TABLE 4.5: Sustainability matrix
## Chapter 5

# **Experimental setup**

This chapters aim to explain how the different tools have been used and the setup used in the experiments.

### 5.1 TaskSim

The architecture simulator to run the tests and obtain the statistics has been TaskSim. The main information about TaskSim has been explained in previous chapters, but there is still information which has to be cleared up.

TaskSim is a trace-driven architecture simulator which means that works with traces. Before executing TaskSim, it is necessary to instrument the code (automatically done by the compiler Mercurium[6]) and to generate the trace with Nanox[7]) (Nanox provides a basic tracing infrastructure to ease the task of creating and reading different kinds of traces). The traces are a collection of events (run-time events, memory accesses, ...) which are sequentially stored. Once we have the trace, we can execute TaskSim with the trace and a configuration file in order to simulate the application and obtain the statistics.

The statistics generated by TaskSim can have different levels of abstractions. In the TaskSim configuration file, we can select which level we wish. We can select burst mode or memory mode. The burst mode only generates CPU bursts and memory mode generates CPU bursts and simulates the memory accesses when available.

Nowadays, TaskSim does not provide information about the entire processor, so I have not computed the power consumption of a processor with all the components involved in it. I have selected those components that TaskSim simulates. These components are mainly the components involved in memory accesses.

#### 5.1.1 Configuration file

As we have seen in the previous section, there is a configuration file in order to configure TaskSim with the processor specifications. The configuration file is composed by different parts such as DRAM, MMU, Cache... Each part is a component that can be configured by the user.

The variables that I have used in this project and also to configure McPAT are the following ones:

- Number of cores.
- ROB size (Re-order Buffer).
- DRAM RAS size (Return Address Stack).
- Cache configuration (DL1 and L2).
  - Size.
  - Associativity.
  - Block width.
  - Latency.
  - Number of w/r ports.
- MSHR (Miss status holding registers).
- Virtual memory page size.

Moreover of this values, there are other important ones which I have not parsed to McPAT. These values have a direct impact to total number of cycles:

- Memory CPU commit rate.
- Memory latency.
- Processor idle cycles: How many cycles will be inserted whenever the scheduler cannot provide a task for a CPU.

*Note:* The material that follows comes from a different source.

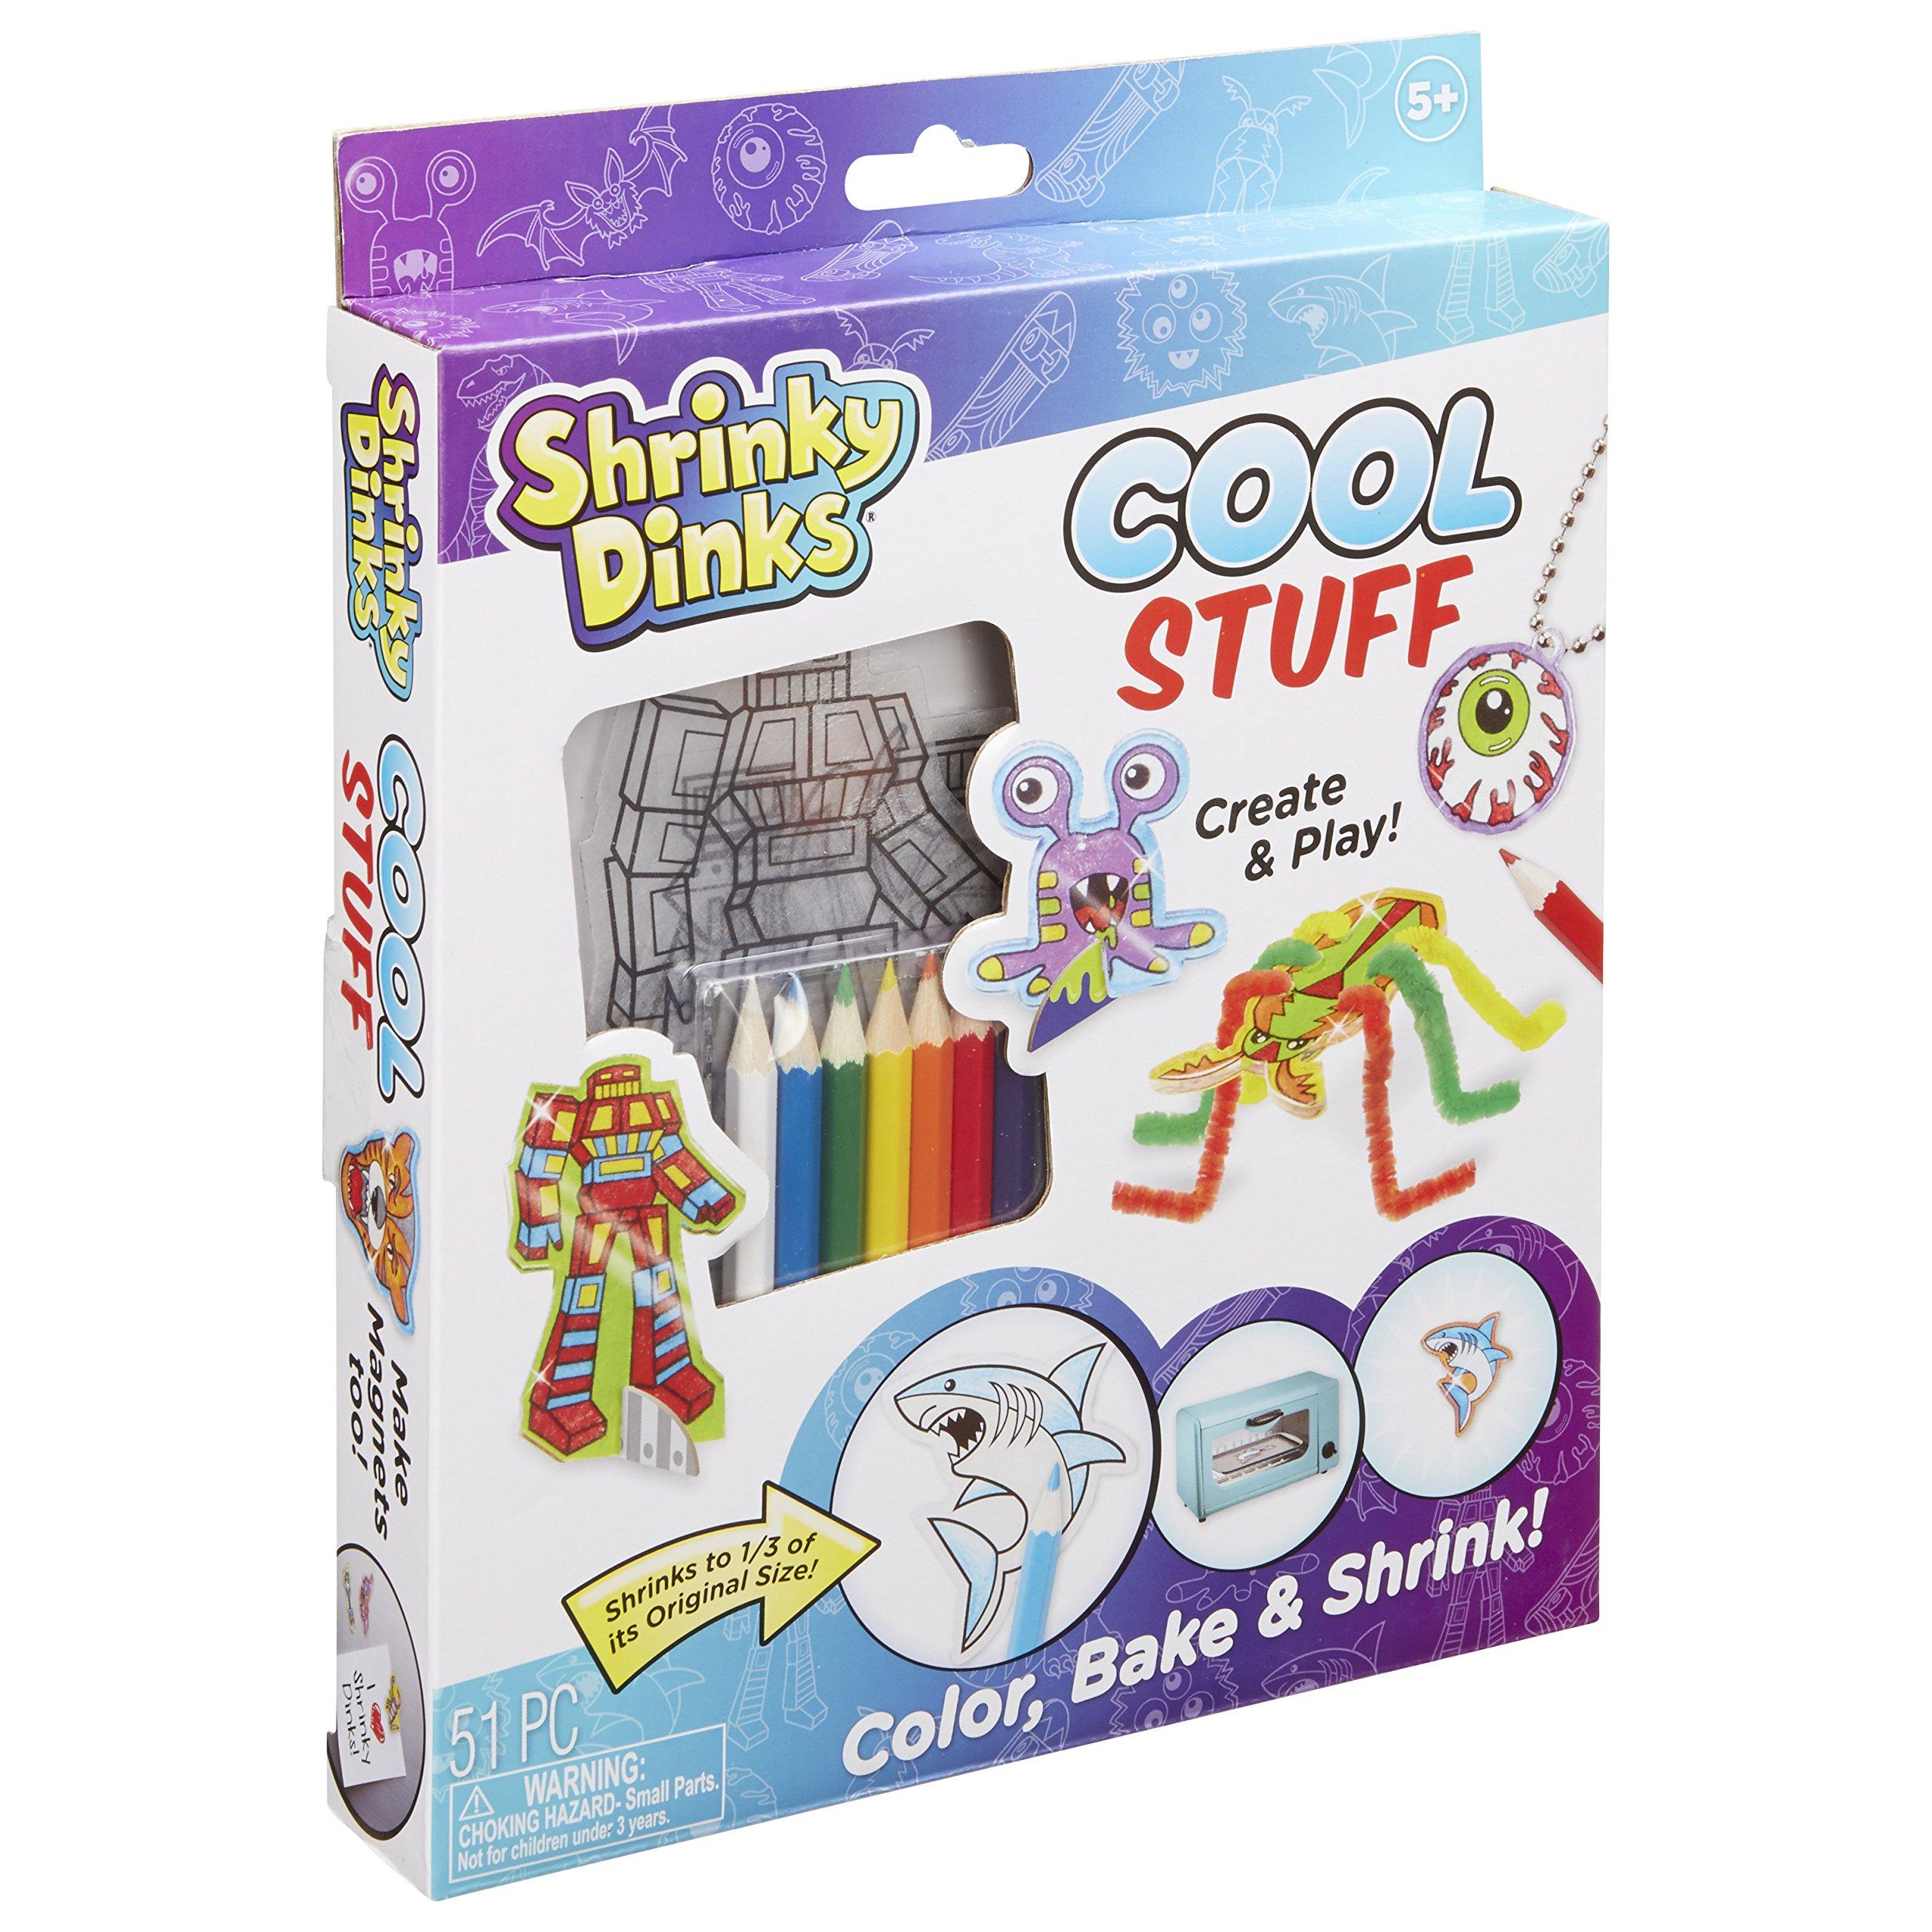 Shrinky Dinks Cool Stuff Activity Set Kids Art and Craft Activity
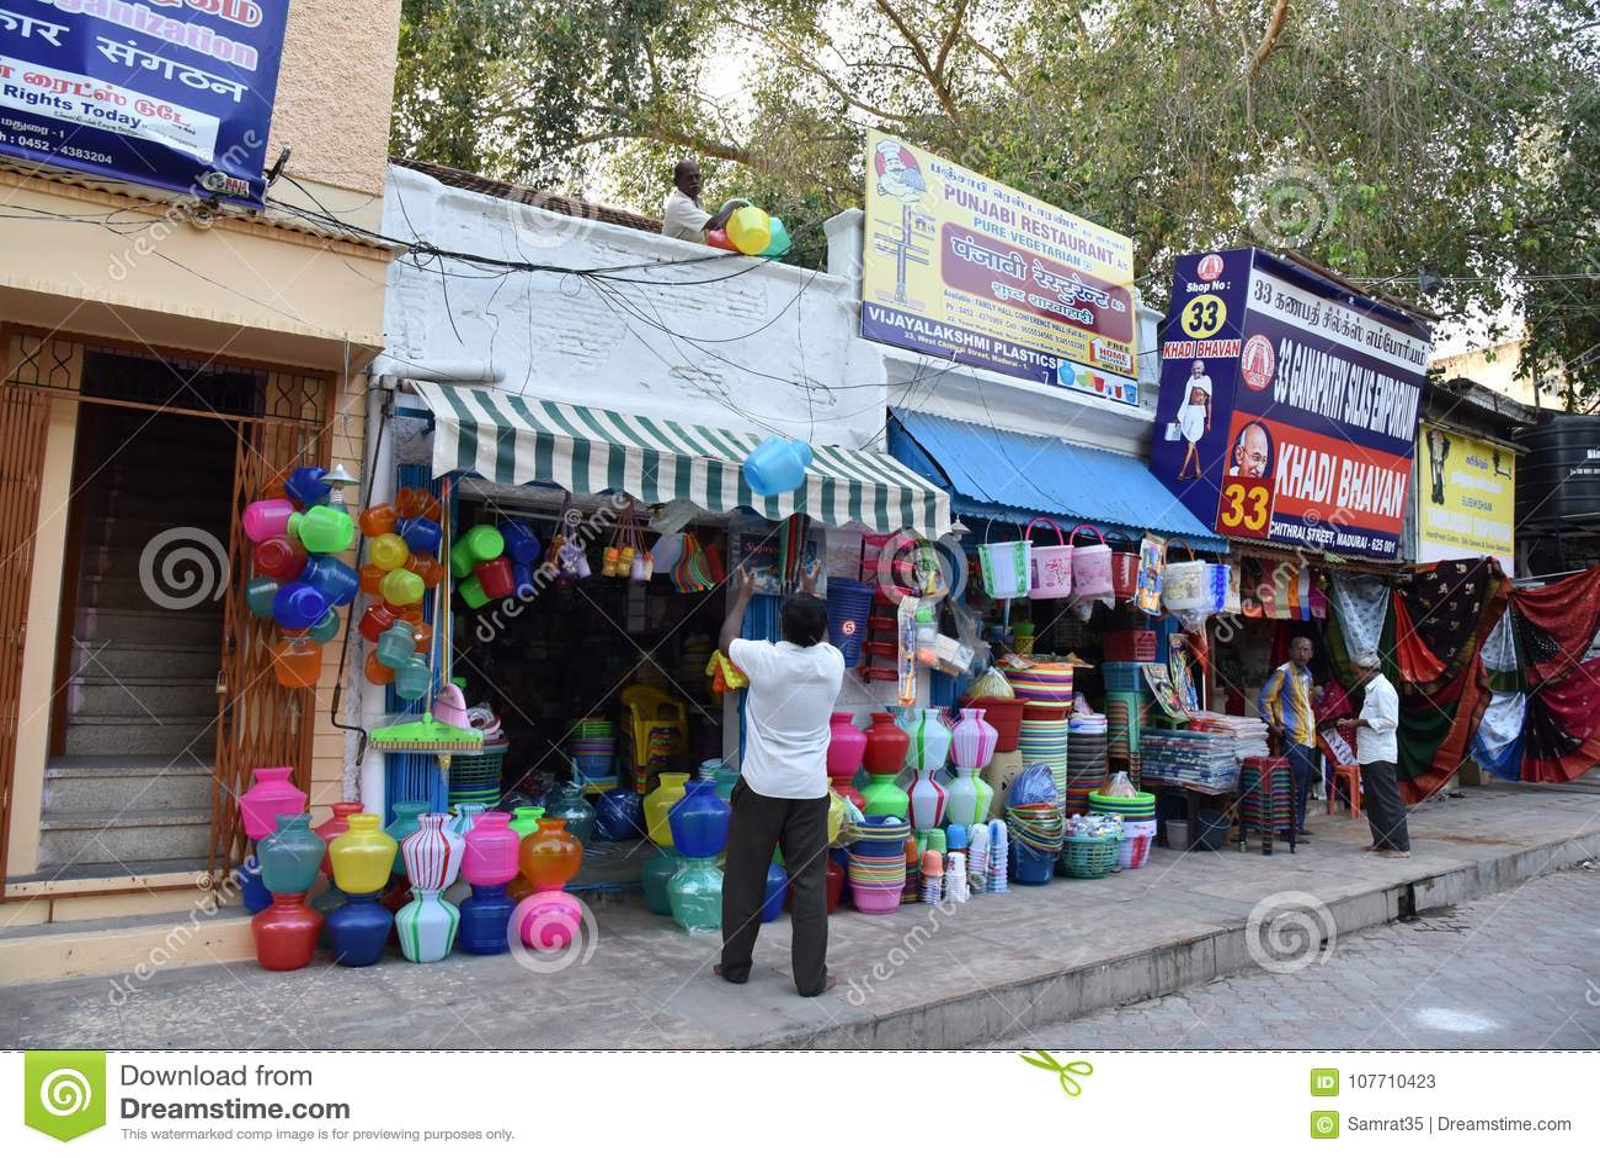 ac18aaed4e5 Meenakshi Sundareswarar Temple or Meenakshi Amman Temple is located in the  holy city of Madurai, Tamil Nadu, India. Road side shop near the temple.

I have included an example of TaskSim configuration file in appendix A.

#### 5.1.2 Results file

The results file generated by TaskSim gives us all the information collected during the simulation. The information is given in an specific format. I have included an example of results file in the appendix B.

The information which I have extracted from the results file and I have used to create the power models can be seen below.

- Committed instructions.
- Total number of cycles.
- For each core:
  - Number of loads/stores.
  - For each L2 and DL1:
    - \* Number of write/read.
    - \* Number of hit/miss.

#### 5.1.3 Additional information

I have used some additional information in order to configure McPAT that does not appear on the results file or configuration file. This information is used during the TaskSim execution and although it is not provided by the user, it is part of TaskSim infrastructure.

- Frequency: TaskSim works at 1GHz.
- Cache policy: The cache policy used by TaskSim is copy back.
- **Private or shared L2:** TaskSim allows using private L2 or shared L2. Nowadays, the selection has to be done through the TaskSim code. I have selected private L2 to do the tests.
- Heterogeneous cores: Each core differs from others.
- Out of order cores: TaskSim simulates out-of-order processors.
- Additional cache levels: TaskSim can incorporate as many cache levels (private or not) as the user wants. These cache levels can be private or shared. In this project, I have used two private cache levels (DL1 and L2).

### 5.2 McPAT

As I have explained in the previous chapters, McPAT can be considered a really complex framework which allows us to calculate the power consumption of a processor. As it has been a really important tool for the project, I have to explain how McPAT works in order to get a rough idea of what I have done with it.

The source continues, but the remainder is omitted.